Haven't tried one yet, I plan on firing one up in a little while, maybe I'll do a while I'm smoking review, as I haven't seen any on here yet.


----------



## zitro_joe (Oct 6, 2008)

I really hope they are.


----------



## Ndimarco (Jan 4, 2009)

So far I like em, I got a review going


----------



## havanajohn (Apr 4, 2009)

Nice haul!


----------



## dubels (Jun 21, 2009)

So I guess everything worked out! Congrats.
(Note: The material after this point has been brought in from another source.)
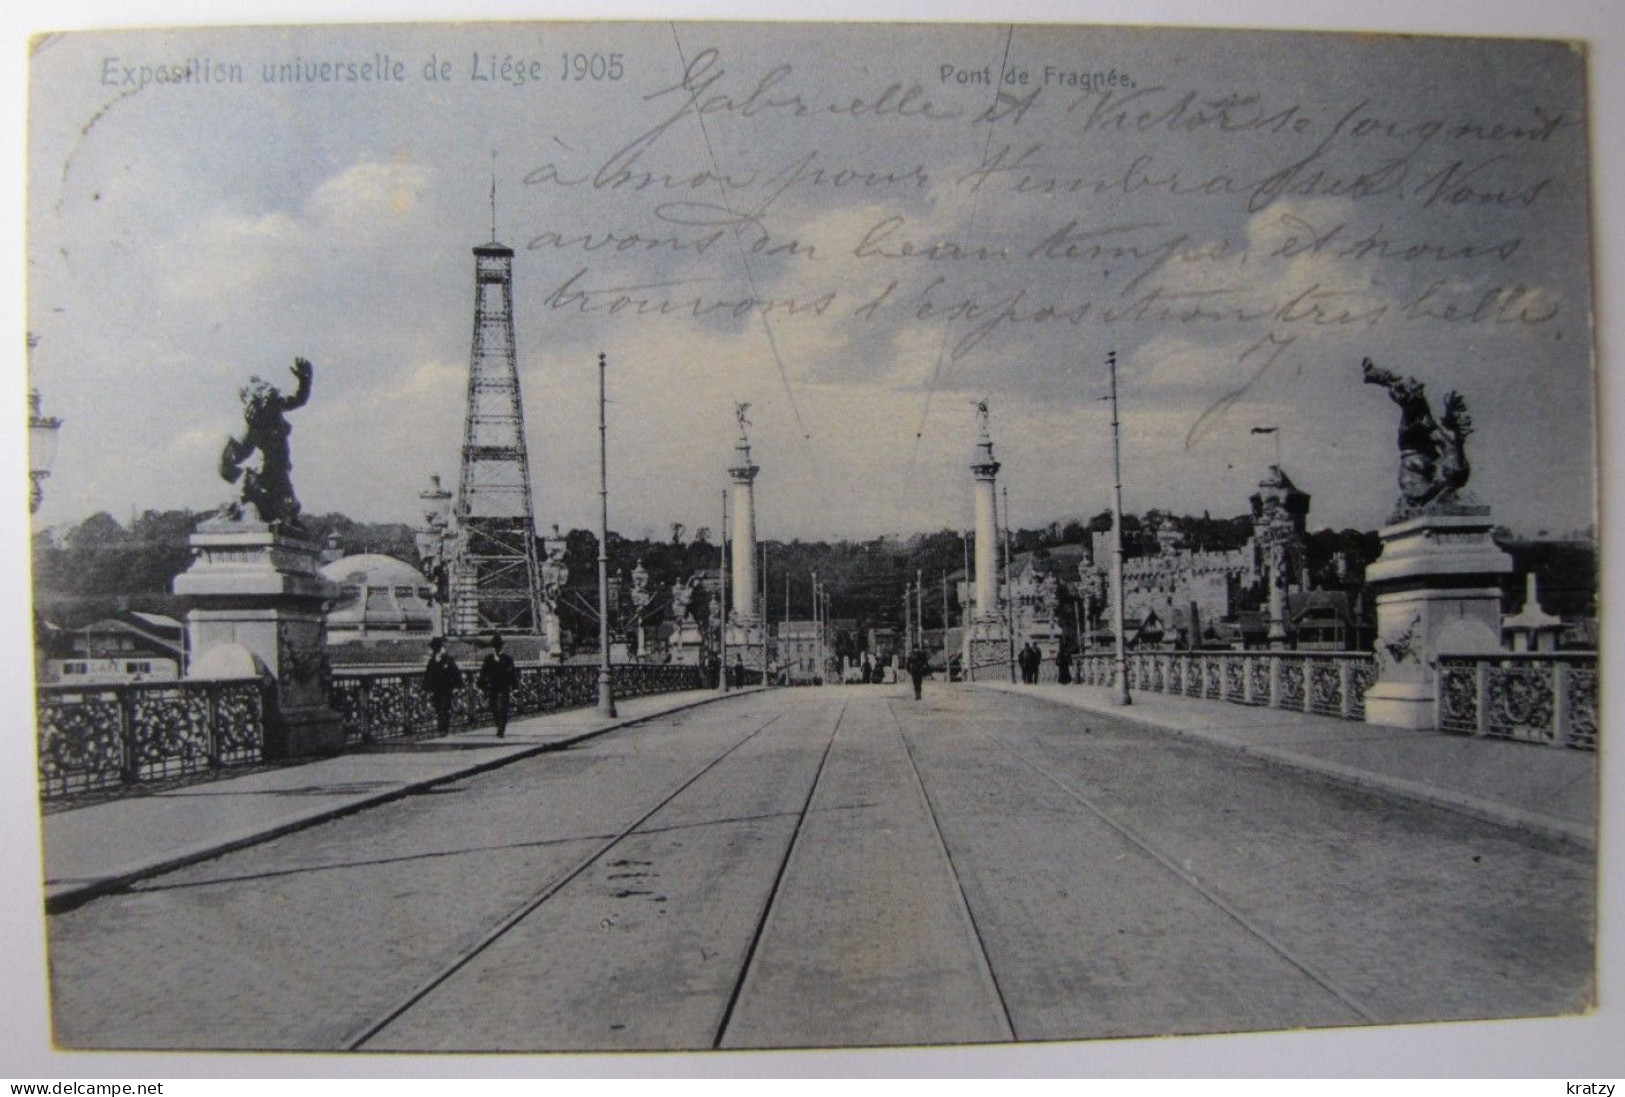 BELGIQUE - LIEGE - VILLE - Exposition Universelle De 1905 - Le Pont De Fragnée - Lüttich

I never got to make it to the event, but I am glad that you got a box.


----------



## mrsmitty (Jan 22, 2009)

Nice haul brother enjoy.


----------



## jeepthing (Jul 16, 2009)

Sweet


----------



## RobustBrad (Oct 20, 2009)

Yeah great pick up there. Enjoy those Drac's

Cheers,
Brad


----------



## ROB968323 (Aug 27, 2008)

You lucky ****!! Enjoy your smokes.


----------



## mlbar1153 (Mar 4, 2009)

Very nice.


----------



## tru_rocknrolla (Jun 26, 2009)

Excellent haul! I have been "dying" to try one of those Dracs! Enjoy!


----------



## sboyajian (Jun 27, 2008)

I'd honestly put em away for about 6 months.. mind are VERY wet... same with the Boris's.


----------



## tx_tuff (Jun 16, 2007)

Got me a box too, I agree let them sit. But not in that coffin box. Mine had a pre-light draw of paint! So I'm storing them in a different box.


----------